Causal discovery for observational sciences using supervised machine learning

Anne Helby Petersen,Joseph Ramsey,Claus Thorn Ekstrøm,Peter Spirtes
DOI: https://doi.org/10.48550/arXiv.2202.12813
2022-05-14
Abstract:Causal inference can estimate causal effects, but unless data are collected experimentally, statistical analyses must rely on pre-specified causal models. Causal discovery algorithms are empirical methods for constructing such causal models from data. Several asymptotically correct methods already exist, but they generally struggle on smaller samples. Moreover, most methods focus on very sparse causal models, which may not always be a realistic representation of real-life data generating mechanisms. Finally, while causal relationships suggested by the methods often hold true, their claims about causal non-relatedness have high error rates. This non-conservative error tradeoff is not ideal for observational sciences, where the resulting model is directly used to inform causal inference: A causal model with many missing causal relations entails too strong assumptions and may lead to biased effect estimates. We propose a new causal discovery method that addresses these three shortcomings: Supervised learning discovery (SLdisco). SLdisco uses supervised machine learning to obtain a mapping from observational data to equivalence classes of causal models. We evaluate SLdisco in a large simulation study based on Gaussian data and we consider several choices of model size and sample size. We find that SLdisco is more conservative, only moderately less informative and less sensitive towards sample size than existing procedures. We furthermore provide a real epidemiological data application. We use random subsampling to investigate real data performance on small samples and again find that SLdisco is less sensitive towards sample size and hence seems to better utilize the information available in small datasets.

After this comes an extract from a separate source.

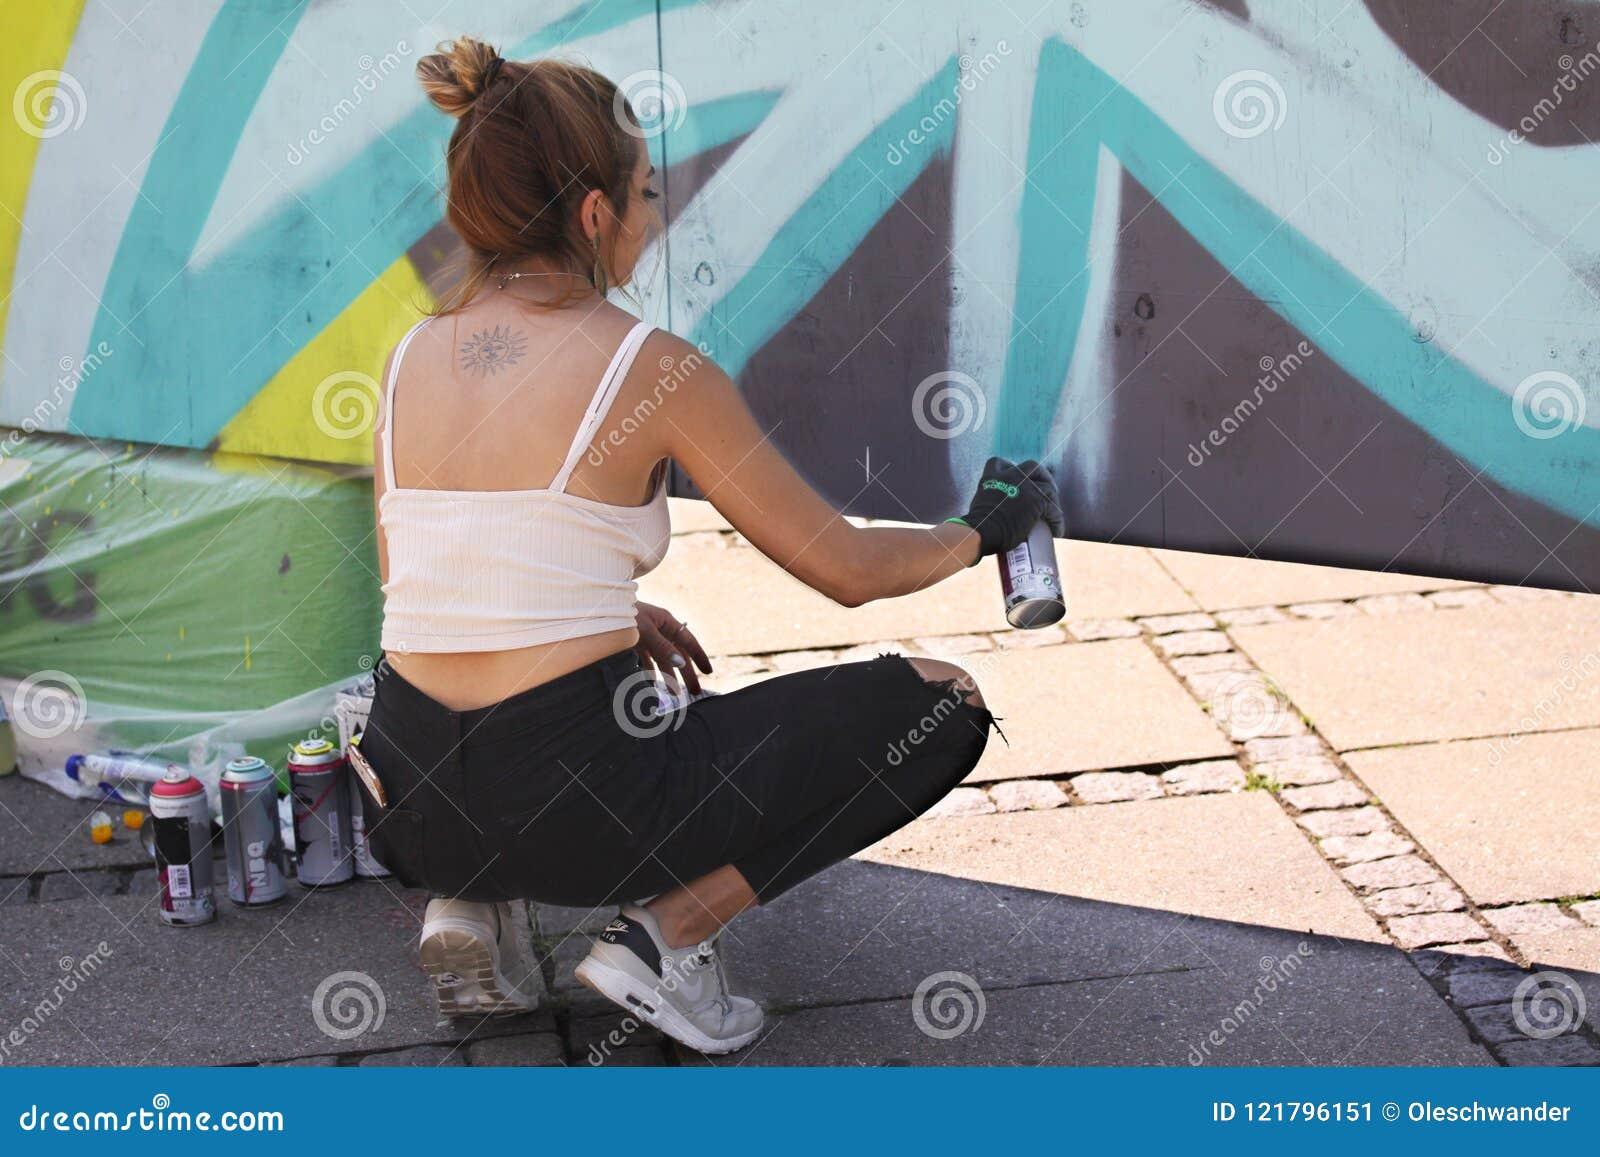 Artiste féminin de rue peignant le graffiti coloré sur le mur - concept d art moderne avec les murales vivants de peinture urbain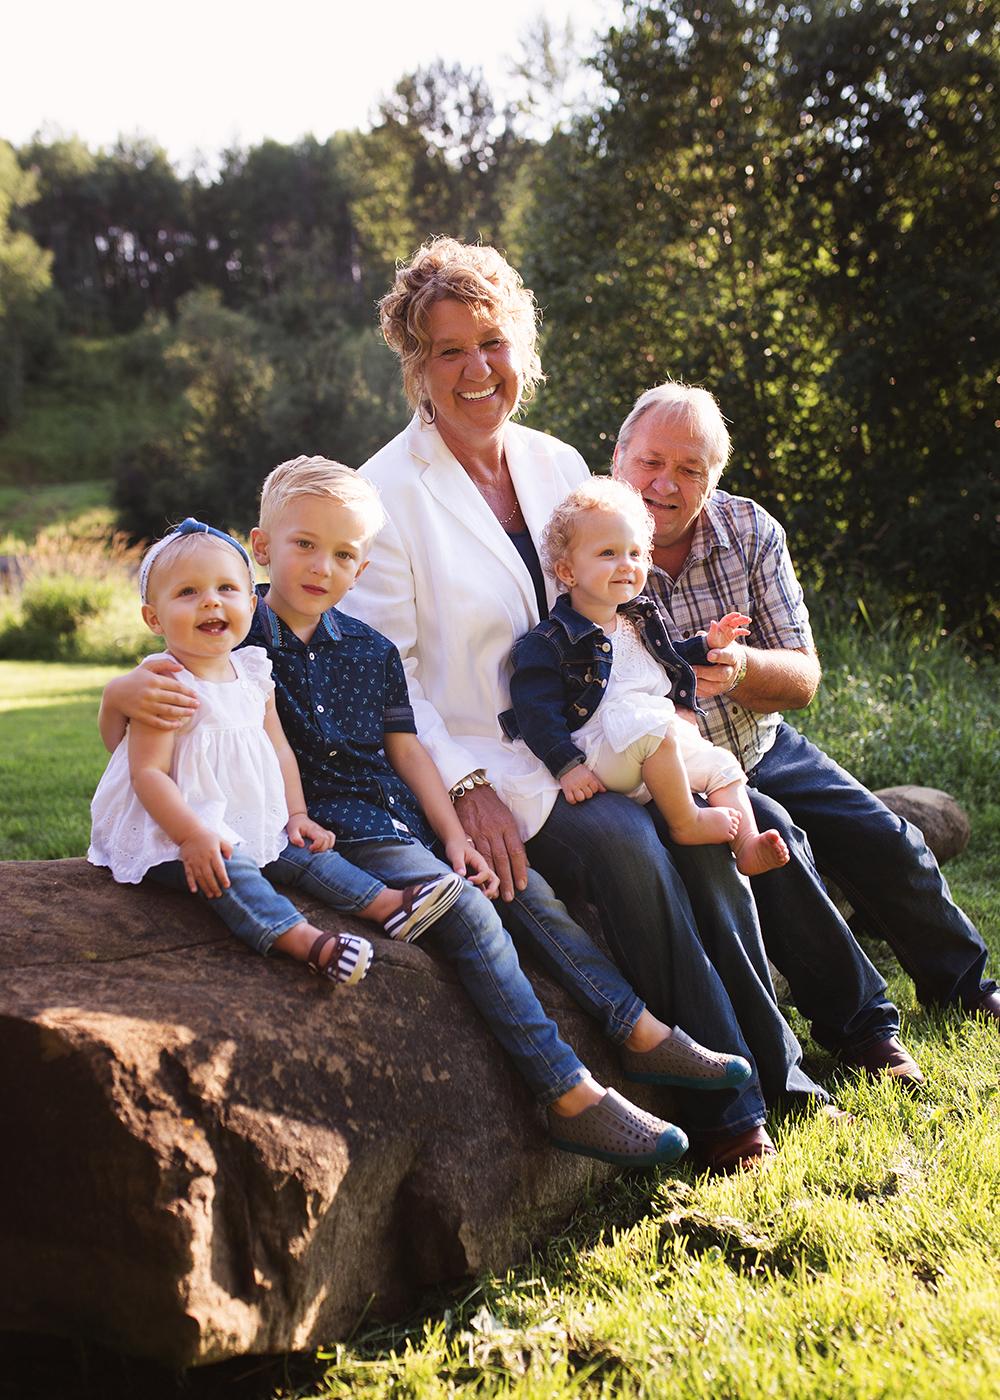 Edmonton Extended Family Photographer_Miller Family 8.jpg

Methodology,Machine Learning
What problem does this paper attempt to address?
The problems that this paper attempts to solve mainly focus on the deficiencies of existing causal discovery methods when dealing with small - sample data and dense graph structures. Specifically: 1. **Poor performance with small samples**: When dealing with small - sample data, existing causal discovery algorithms lead to unsatisfactory results due to the propagation of statistical errors. These algorithms usually need to conduct a large number of sequential tests, and the result of each test will affect subsequent tests. Therefore, even a small statistical error in the early tests may have a significant impact on the final result. 2. **Bias towards sparse graphs**: Most existing causal discovery algorithms assume that causal relationships are relatively sparse, that is, there are fewer causal connections between variables. However, in many practical applications, this assumption may not hold, especially in fields such as epidemiology, where the causal relationships between variables are often very complex and dense. Therefore, these algorithms perform poorly when dealing with dense graph structures. 3. **Error - weighing problem**: Existing causal discovery methods focus more on correctly identifying existing causal relationships and ignore the importance of correctly identifying non - existing causal relationships. In observational scientific research, such as epidemiology, wrongly assuming that certain causal relationships do not exist may lead to the use of inappropriate statistical methods, resulting in biased estimates of causal effects. To solve the above problems, the paper proposes a new causal discovery method - Supervised Learning Discovery (SLdisco). SLdisco uses supervised machine learning to infer the equivalence class (CPDAG) of causal models from observational data, aiming to improve the robustness of small - sample data, avoid the preference for sparse graphs, and provide a method to directly control different types of errors. Through this method, SLdisco can show better performance on small - sample and dense graph structures, and be more conservative in identifying non - existing causal relationships, which is more suitable for the needs of observational scientific research.